Our fate, for one, but I know that is really depressing(why I don’t write about it as much as I should) because as a whole no party really is going to do anything about it, even the Democratic party who kept the filibuster(despite Sen Merkley and Udall’s efforts to even change it to make it less damaging) after whining about it to you asking for money you don’t have that you gave them in 2008. But they really wanted all that environmental legislation that died in the Senate to pass. At this point Daryl Hanna is putting up more of a fight in my state of TX and kudos to her for her efforts.

But the Keystone pipeline will be a reality regardless of this election like drill baby drill Obama style(we thought we were voting against that in 2008) if the entire population does not emulate her example. So like Charles Ferguson, director of Inside Job, I’m going to concentrate on other real issues no one really paid attention to in this Presidential debate or general election that could be handled more easily without Congress. That is, if those in charge of running the Department of Justice weren’t so pathetically unable to live up to their namesake in the executive branch.

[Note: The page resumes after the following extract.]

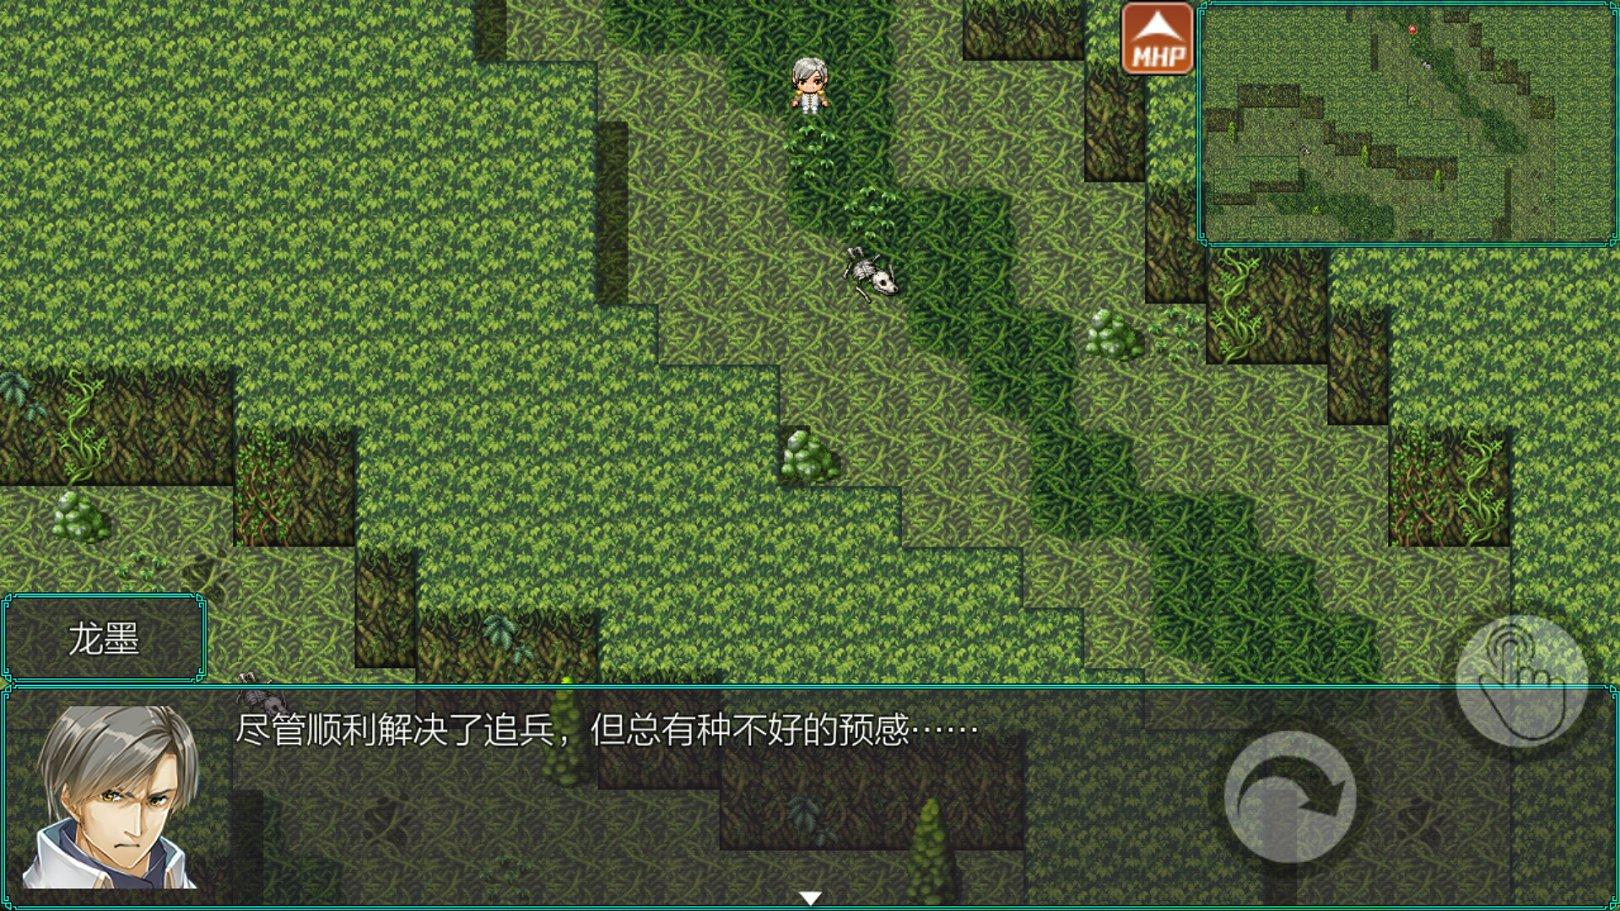 岚偌战记血宫游戏破解版 v0.0.01b截图

Obama administration stonewalling UN questions about abuse of Occupy protesters

In December of 2011, the U.N. Special Rapporteur for the Protection of Free Expression, Frank La Rue, and the UN Special Rapporteur for Freedom of Peaceful Assembly, Maina Kiai, sent a letter to the Obama administration reminding the U.S. government of its international obligations to “take all necessary measures to guarantee that the rights and freedoms of all peaceful protesters be respected.”

This letter was prompted by the government’s response to the Occupy movement.

The Obama administration many months later has yet to respond:

Federal officials have yet to respond to two United Nations human rights envoys who formally requested that the UI.S. government protect Occupy protesters against excessive force by law enforcement officials.

In a letter to Secretary of State Hillary Clinton, the two envoys called on U.S. officials to “explain the behavior of police departments that violently disbanded some Occupy protests last fall” and expressed concern that excessive use of force “could have been related to [the protesters’] dissenting views, criticisms of economic policies, and their legitimate work in the defense of human rights and fundamental freedoms.” …

In the letter, the envoys raised a particular concern that the “crowd control techniques used to manage and disperse these assemblies might have been intended to insert fear and intimidation on protesters throughout the country.”

The letter to the Obama administration was made public at the UN Human Rights Council meeting.